Tiga saringan yang dimaksud Socrates itu adalah KEBENARAN, KEBAIKAN, dan FAEDAH (MANFAAT). So, apakah tulisan dan pemberintaan Anda mengandung ke-tiga unsur saringan tersebut? Kalau tidak, ya buat apa Anda publish, menjadi santapan khalayak ramai? Tidak perlu. Tidak benar. Tidak penting. Tidak bermanfaat. Jadikan saja itu konsumsi pribadi Anda. Apalagi kalau tulisannya fitnah dan hoax, maka saran saya cepat-cepatlah itu dibuang di tong sampah saja. Jauh lebih baik dan lebih terhormat. Kasus tabloid Obor Rakyat tempo hari mestinya sudah mengajari kita banyak hal.

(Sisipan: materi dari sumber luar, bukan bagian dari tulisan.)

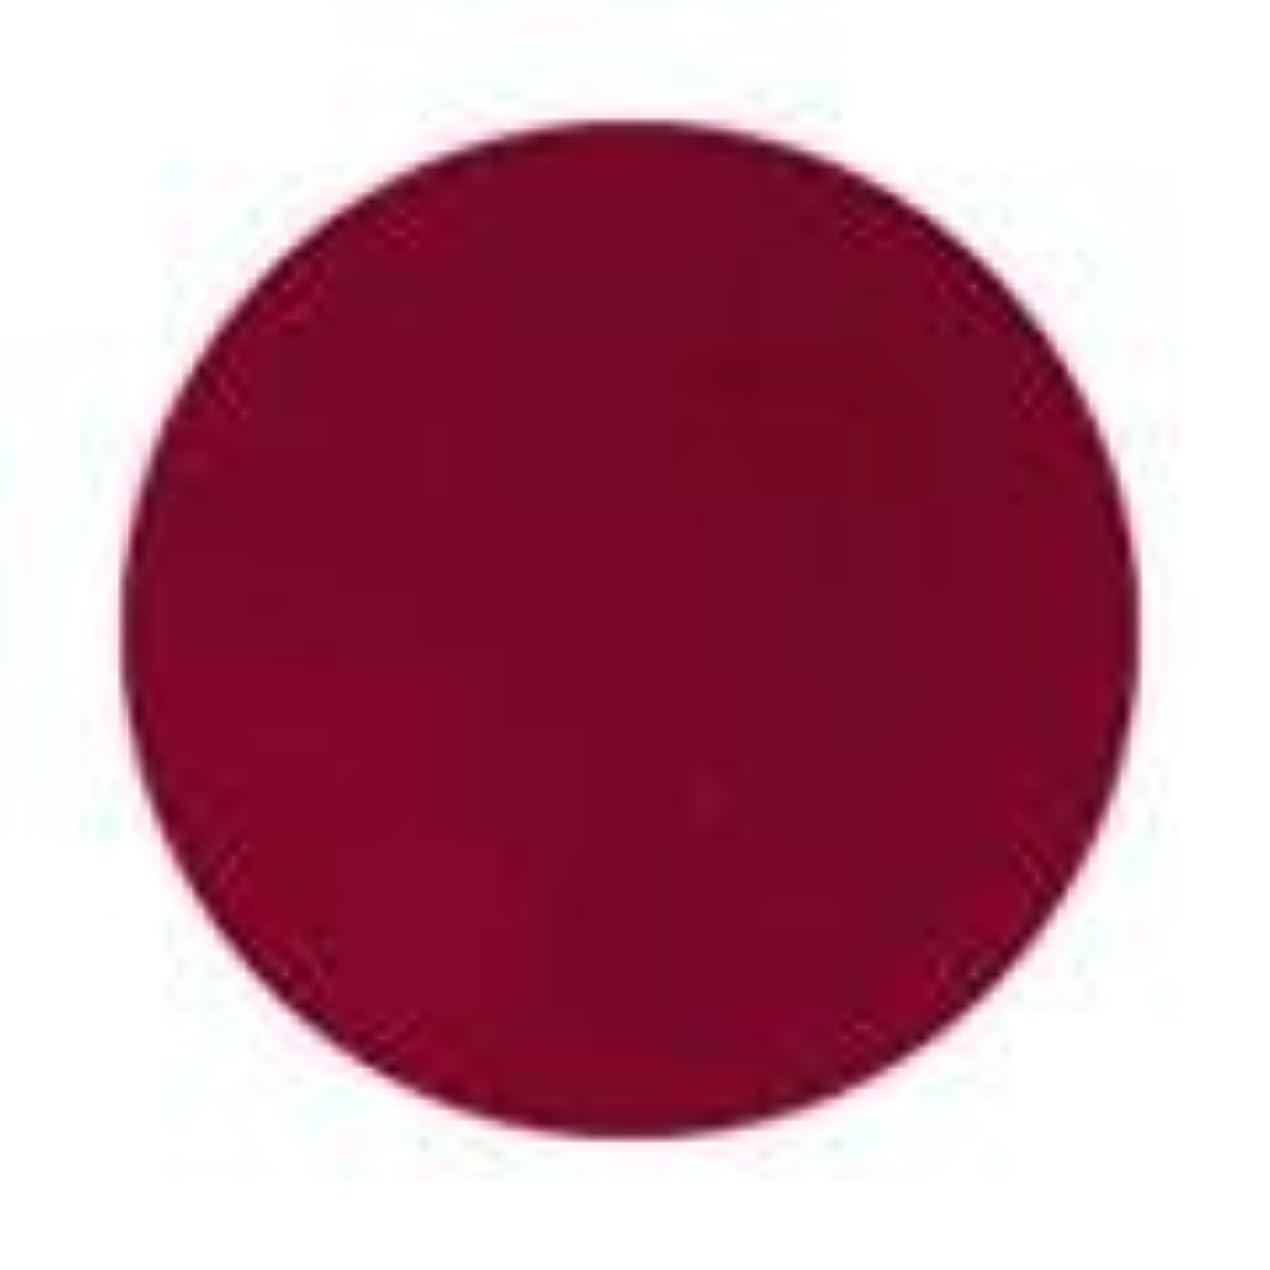 保護モジュール論争の的Jessica ジェレレーション カラー 15ml  222 ウインターベリー

Mungkin ada yang beranggapan ini sepele. Tidak. Hal ini sama sekali bukan perkara sepele, karena ini menyangkut nama baik orang, kehidupan dan perjuangan hidup orang lain. Dalam hal ini yang menjadi korban pemberitaan dua sekaligus, yaitu Amalia si pendiri/aktifisTeman Ahok dan Amelia yang fotonya dicatut. Makanya tak heran kalau Amelia si pemilik foto pun mengajukan komplain, memberikan klarifikasi, dan lantas kemudian menuntut media-media penyebar untuk MERALATpemberintaan tersebut dan lalu MEMINTA MAAF.
Namun toh Setelah itu pun masih saja ada yang mengatakan bahwa hal itu sebagai klarifikasi palsu, ini dan itulah, bahkan ada yang menelpon berkali-kali memakai hide number segala ke Amelia. Kasihan sekali. Sungguh lebih buta dari orang buta mereka itu. Menafikan kepentingan dan privasi orang lain demi kepentingan mereka sendiri.